I am doing a bible study on Respectable Sins and I was heavily convicted when I left bible study this morning. My mind was churning as I was planning out how I was going to carve out some time to sit with hubby, one on one, and apologize to him. My impatience, irritability, and anger are targeted at him 99% of the time. I have such a great love for him, as you know, I brag on what a great husband he is all the time. Yet, I say those words to you, but don’t always go home to him and make him feel like the man he is. So leaving bible study this morning I knew I had to go to him and ask for his forgiveness.
I get in my car, call him, and drive towards my mom’s to pick up SG. I tell him that my bible study this morning was really hard in the sense that it showed me some ugly things about myself. He stopped me and asked me if I would meet him for lunch so we could talk about it. He said we should take this chance while SG is with Nana, and have a lunch together before our busy routine gets underway due to his fall semester starting up and our usual season of not seeing each other much. I was thrilled with his invite and knew this was the opportunity God was giving me to have some alone time with him to confess and ask for forgiveness.
We meet at Olive Garden and I start talking. I told him that I am aware that as my husband, I should treat him better than any other human being, and that in my heart I want to, but that my selfishness, and pride, and SIN prevent me from doing that. I asked him to forgive me and told him that I was committed to working on this above all else. I know God is showing me this is more important than any other mentoring or card ministry I have. I send cards out to encourage others, to brighten their day, to shine God’s love on them, yet how many notes or cards do you think I have given my husband in the past year? Maybe one for his birthday.
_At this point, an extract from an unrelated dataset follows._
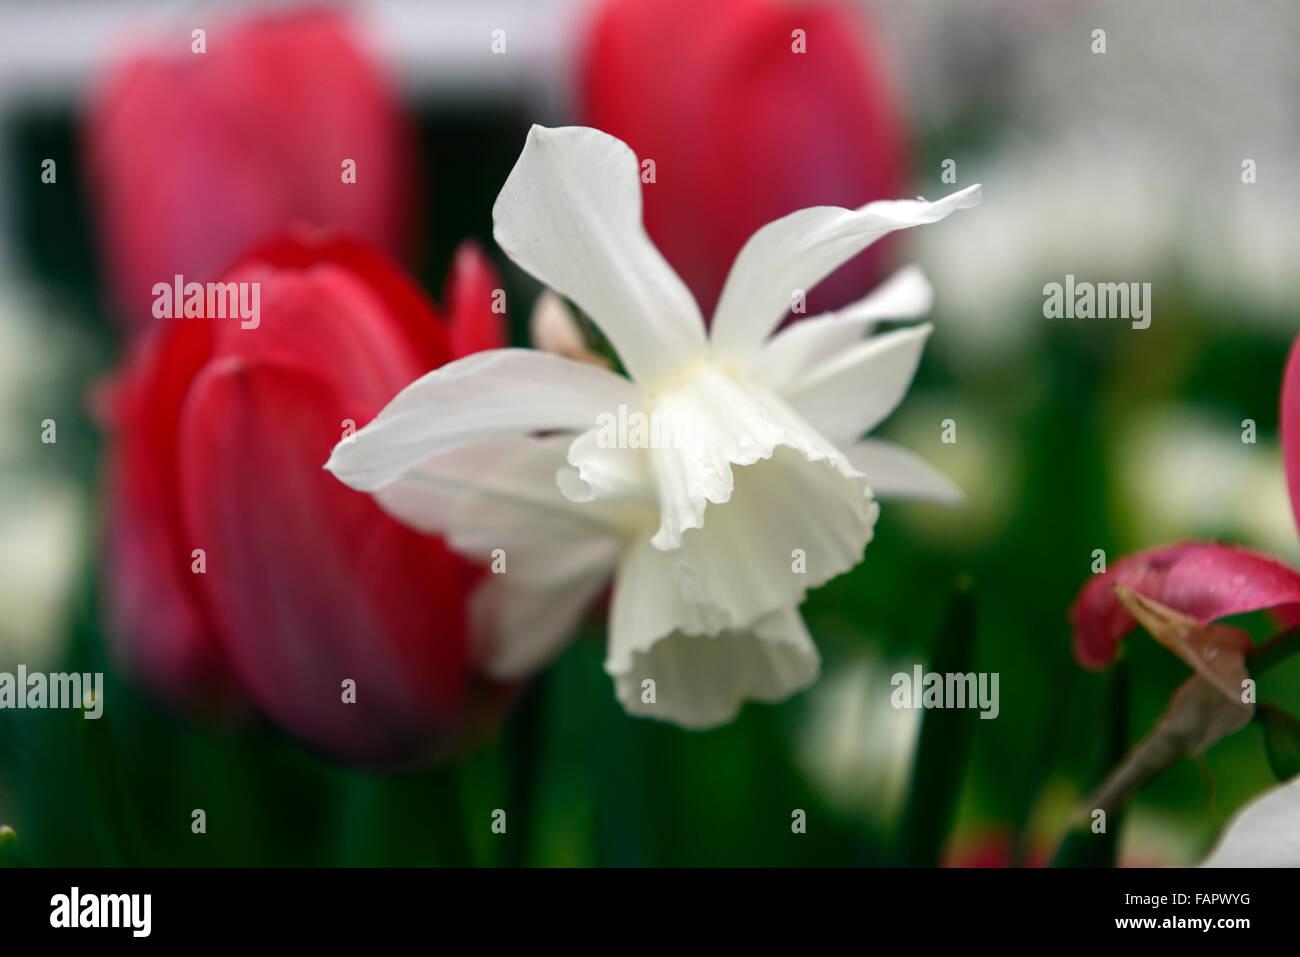 tulipa red impression narcissus thalia tulip daffodil red white ...

Do you know what my husband’s response was? He said I needed to give myself some credit, he said I am much better than I used to be. HE NOTICED! How many times have I felt frustrated that he wasn’t seeing a change in me, from the person I was before I was saved, to now. How many times have I felt like he wasn’t giving me the credit I was DUE. Well guess what? God spoke to me loud and clear, God deserves the credit not me. My pride was seeking out approval and praise from my husband. When I finally humbled myself, and went to my husband with sincerity, asking for his forgiveness, THAT is when the Lord blessed me with the sweet response from my husband.
Needless to say we had a wonderful lunch, I didn’t nag once 🙂 I read him the Proverbs 31:10-12 passage and told him that was my desire, my commitment to him. He said that was a really nice verse!
Proverbs 31:10-12 – An excellent wife, who can find? For her worth is far above jewels. The heart of her husband trusts in her, And he will have no lack of gain. She does him good and not evil, all the days of her life.
My husband still doesn’t believe in God, but God is still in the center of our marriage. God is teaching me how to back off, to raise my husband up, to encourage him, to lift him up, and do him good, not evil. In doing so, God is blessing our marriage so beautifully. I am so in love with him. I no longer want to describe myself as spiritually single, because God is my portion. God provides everything I need in my husband. So there is no part of me that is “single”. That puts a cloud over my marriage that isn’t true. I am fully committed to hubby, physically, emotionally, and spiritually. He may not read devotions with me or go to church or pray with me, but when I need his support in my walk with the Lord, my husband IS there. He came to my baptism, he supports my church financially, he attends functions and wants to know my church friends. I am NOT spiritually single. I am exactly where God wants me to be.